- **What you should do**:
In this exercise, print only the lines of the records below from the one with "White Stuff Rae" through the one with "Published in: 29", inclusive. Pictures are not part of the copy.

*** Information provided Section Begins ***

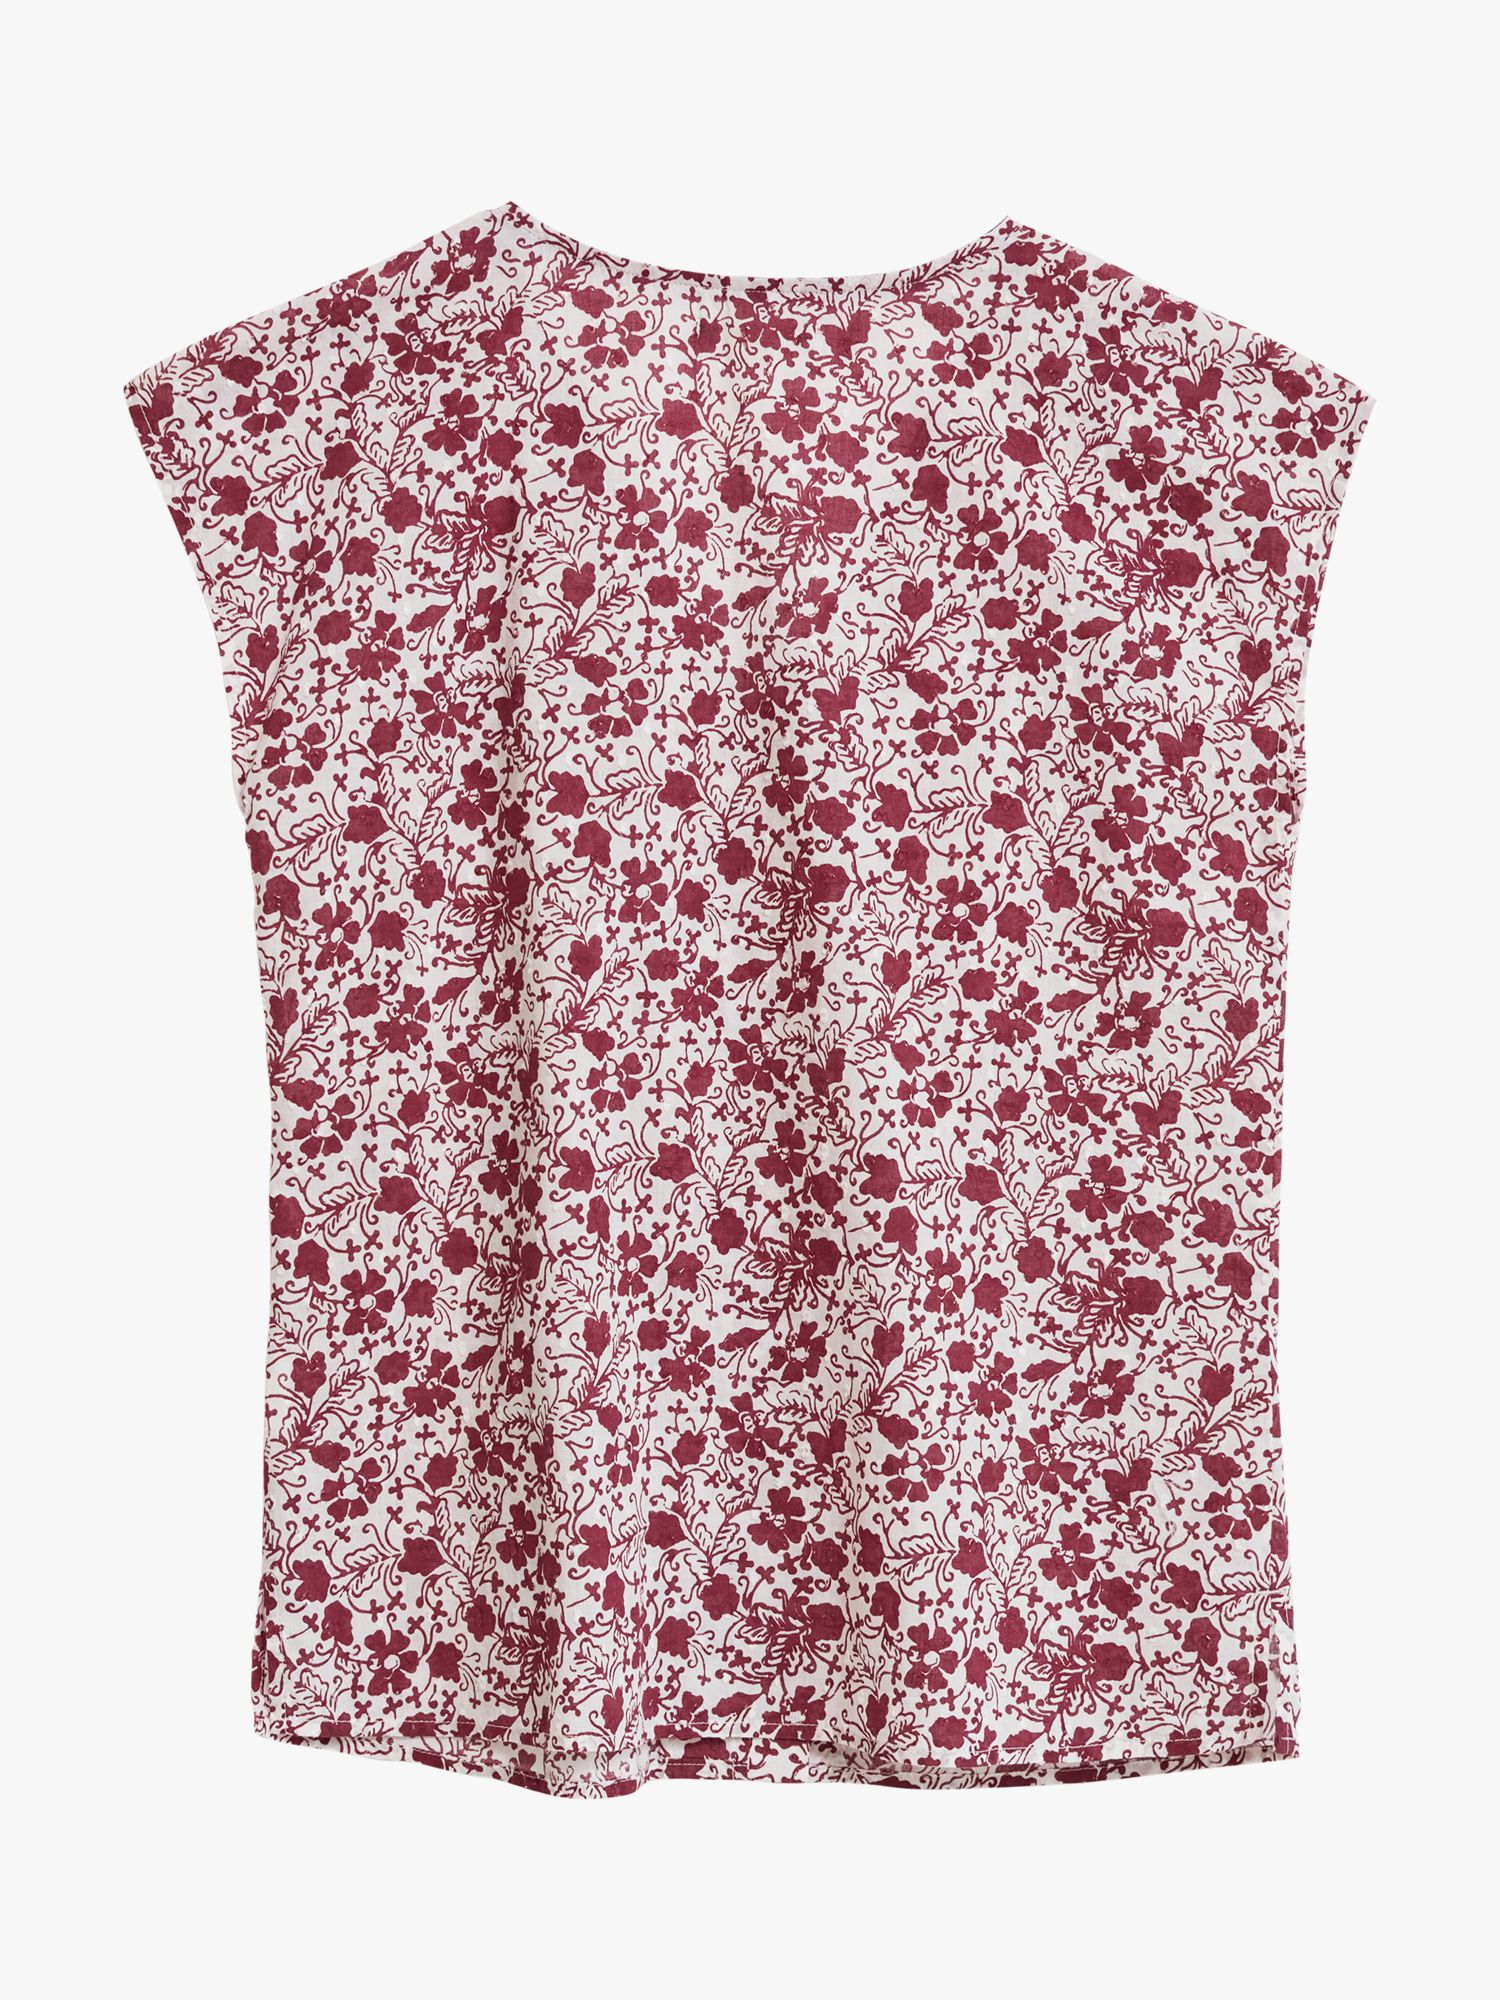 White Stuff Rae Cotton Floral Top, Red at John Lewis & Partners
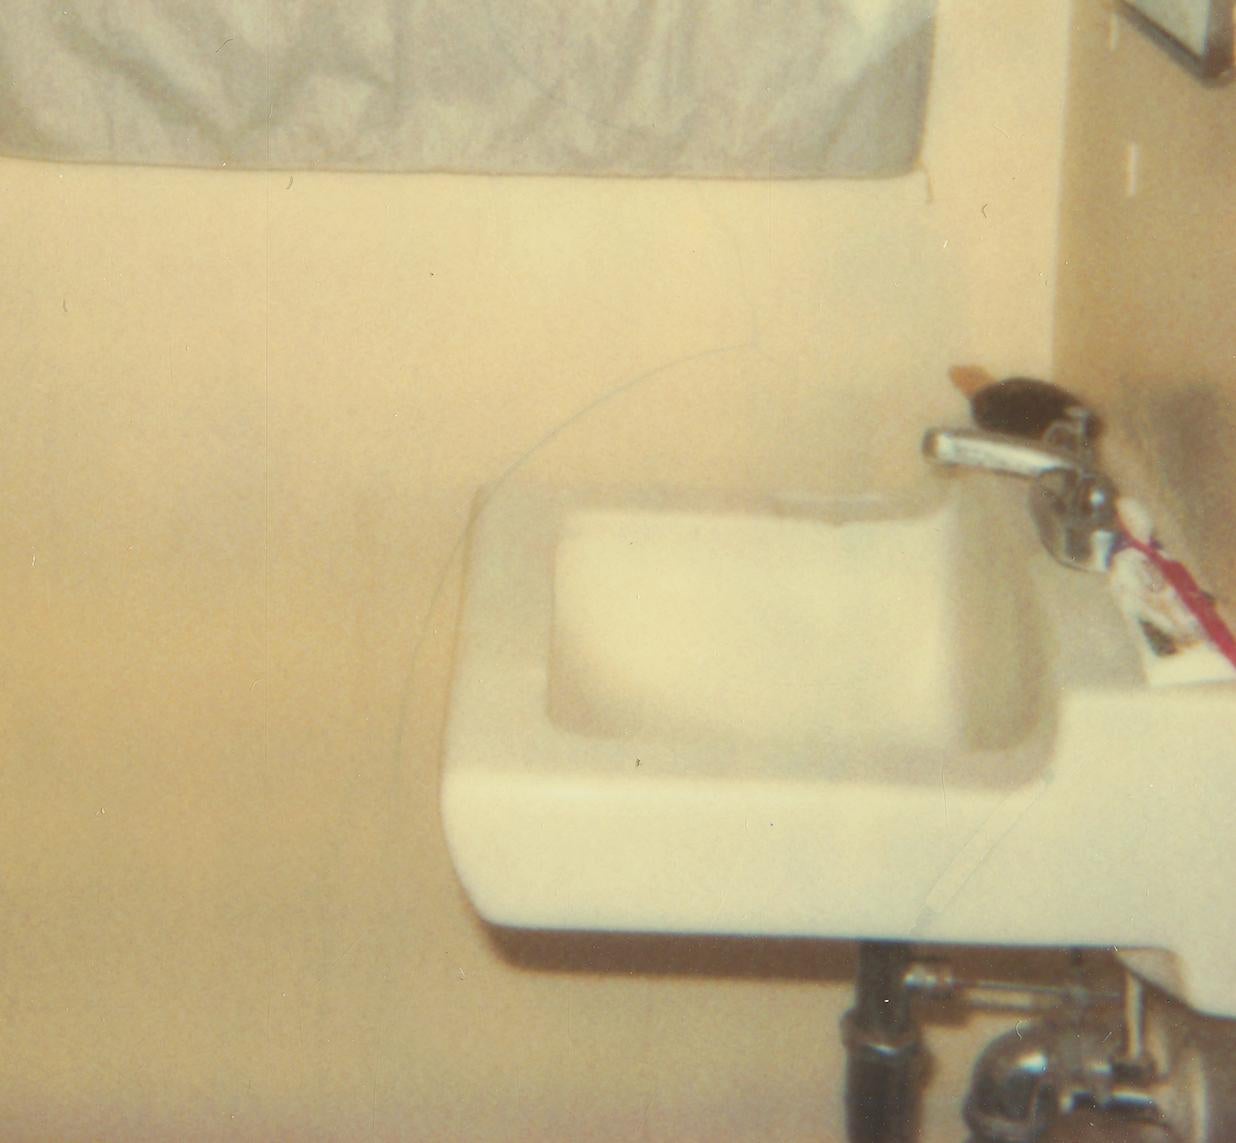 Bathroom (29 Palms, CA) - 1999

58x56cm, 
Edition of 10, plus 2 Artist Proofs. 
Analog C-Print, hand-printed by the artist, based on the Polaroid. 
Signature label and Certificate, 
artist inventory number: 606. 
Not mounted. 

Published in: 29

*** Information provided Section Ends ***
*** Information provided Section Begins ***

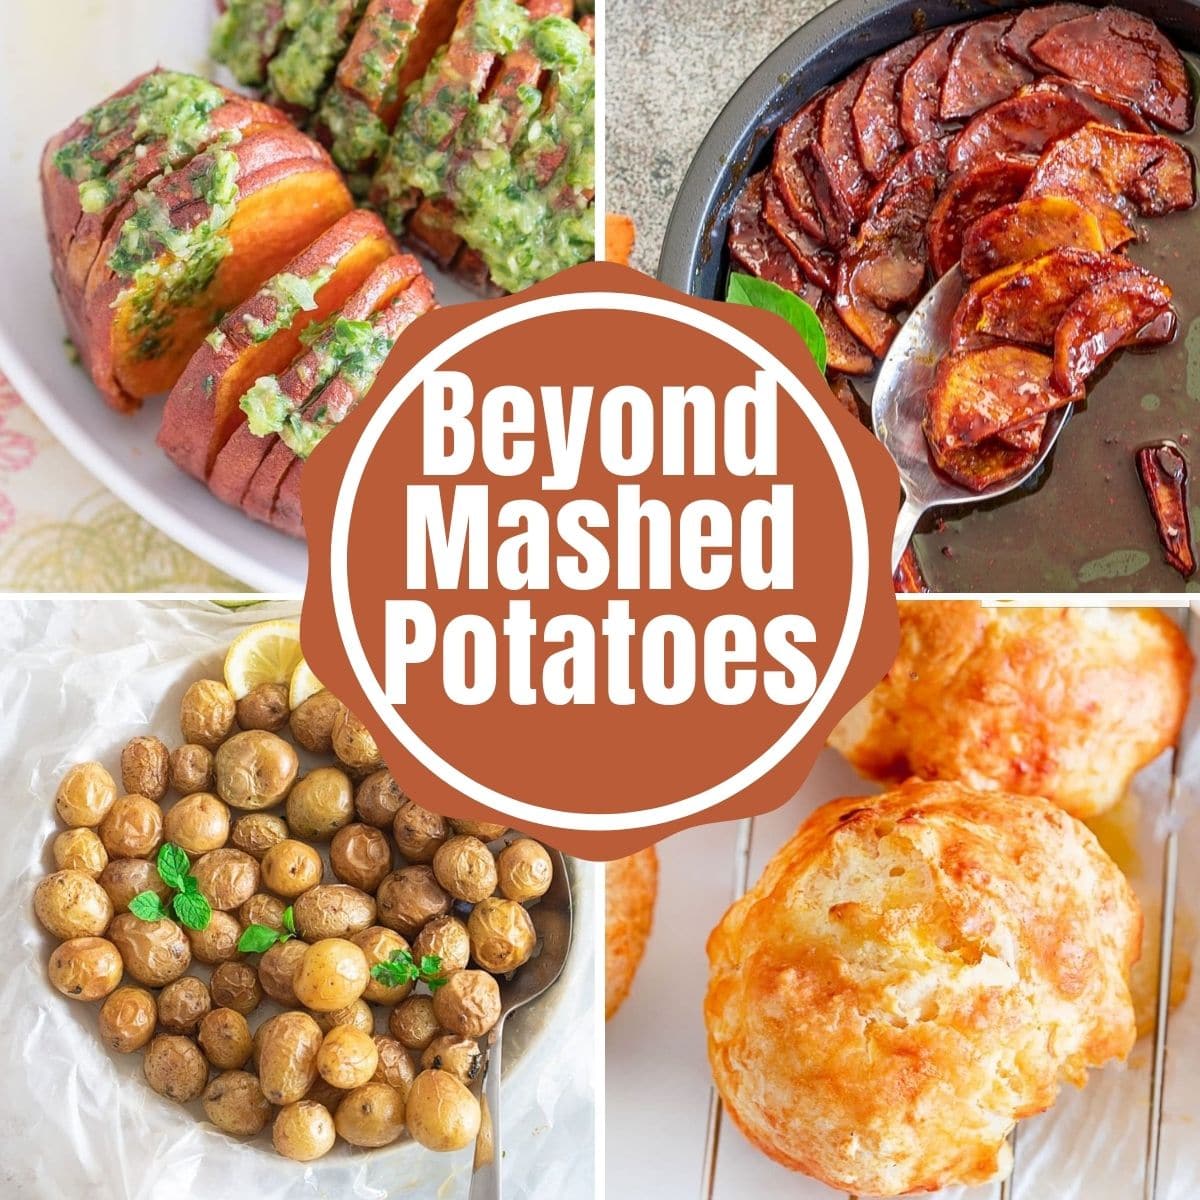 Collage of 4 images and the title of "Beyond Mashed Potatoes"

*** Information provided Section Ends ***

- **Response**:
 White Stuff Rae Cotton Floral Top, Red at John Lewis & Partners
 Bathroom (29 Palms, CA) - 1999

58x56cm, 
Edition of 10, plus 2 Artist Proofs. 
Analog C-Print, hand-printed by the artist, based on the Polaroid. 
Signature label and Certificate, 
artist inventory number: 606. 
Not mounted. 

Published in: 29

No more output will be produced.